Looking at a $129 Clarion Headunit here. 

Just want something cheap and good. No need for MP3 decoding as I've got an iPod. A rear aux. input would be nice, but I'm not seeing much of that in this price range. I'll just keep my iTrip. A nice FM Tuner would be nice. 
I owned a low end Clarion deck a few years ago in my del Sol and it was my favorite, even better than my Alpine that was like 80 bucks more. I guess my main question is if they've maintained their excellent sound controls, and if their tuners are still bad ass. Seems like it's got the best RMS rating in that range and it actually looks pretty clean. The Alpine is the only other one I'd get in the sub-$150 range.

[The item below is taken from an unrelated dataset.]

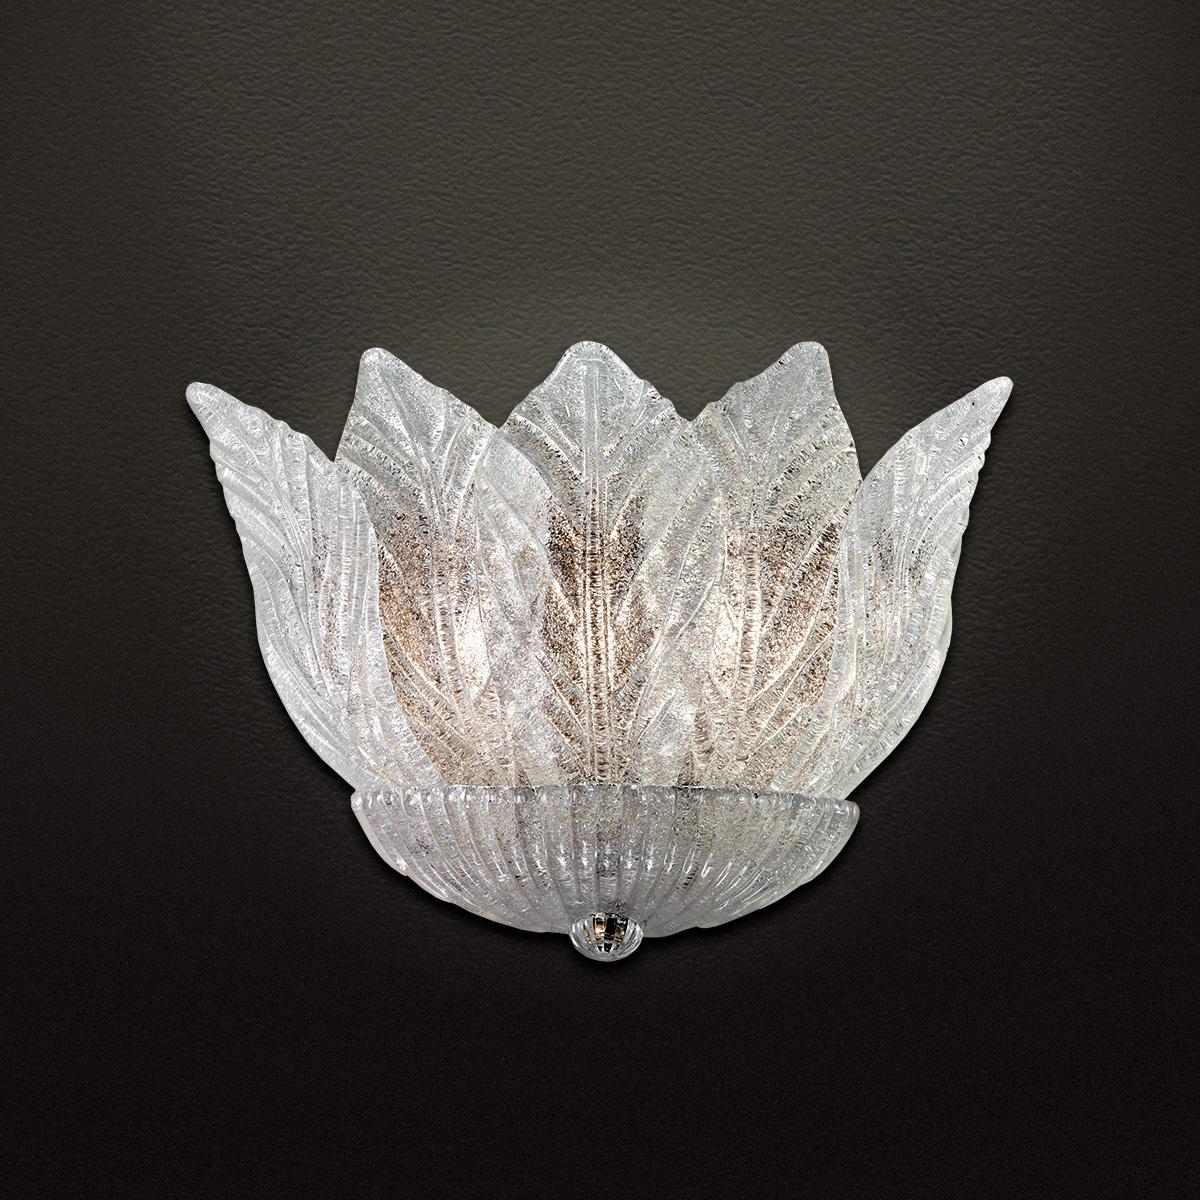 Φωτιστικό τοίχου με κρυστάλλινα φύλλα STELLA wall lamp with Murano crystal leaves
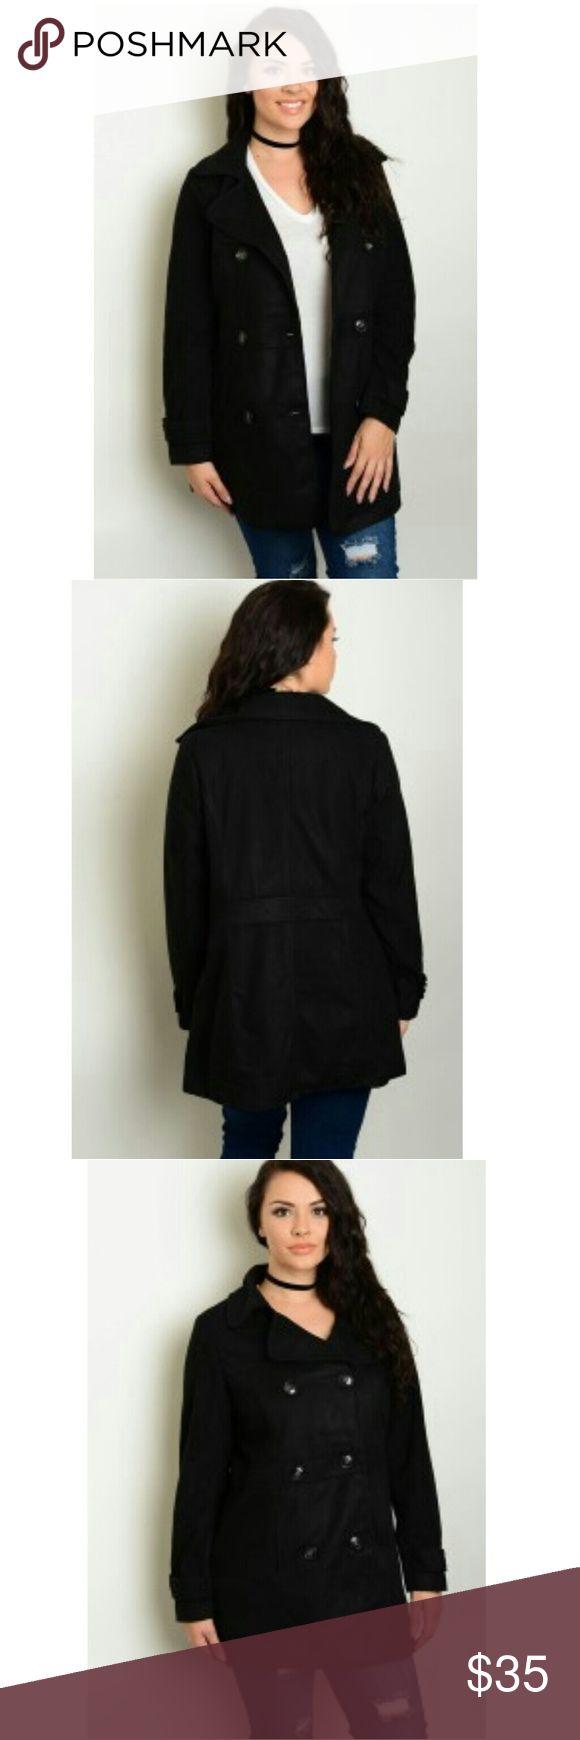 NWT women's pea coat Just arrived black pea coat!! Jackets & Coats Pea Coats

It's going to be hooked up to $50 speakers here. so super high quality/loudness isn't a huge issue. I just want to hear my music clearly... I'll spare the guy next to me. :hal:

so... Opinions?


----------



## mclee45 (Aug 3, 2003)

they are pretty good. maximas stereo's are clarions if not equipped with bose. But from what I heard, Clarion makes bose's systems


----------



## live4snow (Jan 5, 2005)

Looks like a good deal. Just make sure you get a warranty. I personally dont like the looks of it but if you like it go for it.


----------



## sentdawg (Oct 27, 2004)

my opinion is..if i wuz to buy clarion..its jus for the screens..headunits r okay..but they got sum bad ass screens


----------



## AznBoiBryant (Dec 29, 2004)

I have a clarion. It's the DXZ545MP. I love my deck. I might not look pretty like those sony or alpine but it performs very well... IMO you should just wait and save another $50 so you can get the DXZ555MP. It's like the DB255 but it plays mp3s/wma and it's proaudio.


----------



## Rephlex (Mar 7, 2005)

Well the proaudio makes it worth it. I'm not too worried about the mp3/wma since I'll be using the iPod. I was looking at the original one again yesterday, and it only allows you to adjust "bass and treble". That ain't gonna cut it. Looks like this will happen on friday, got some retroactive pay coming in. :thumbup: 

Any recommendations on cheap 4" speakers?


----------



## wildmanee (Nov 21, 2004)

yep, I've got the clarion one that plays mp3s/wmas, no problems with it at all, it's a sweet little headunit too. Unfortunately I haven't replaced my absolutely shitty stock speakers with anything decent yet..


----------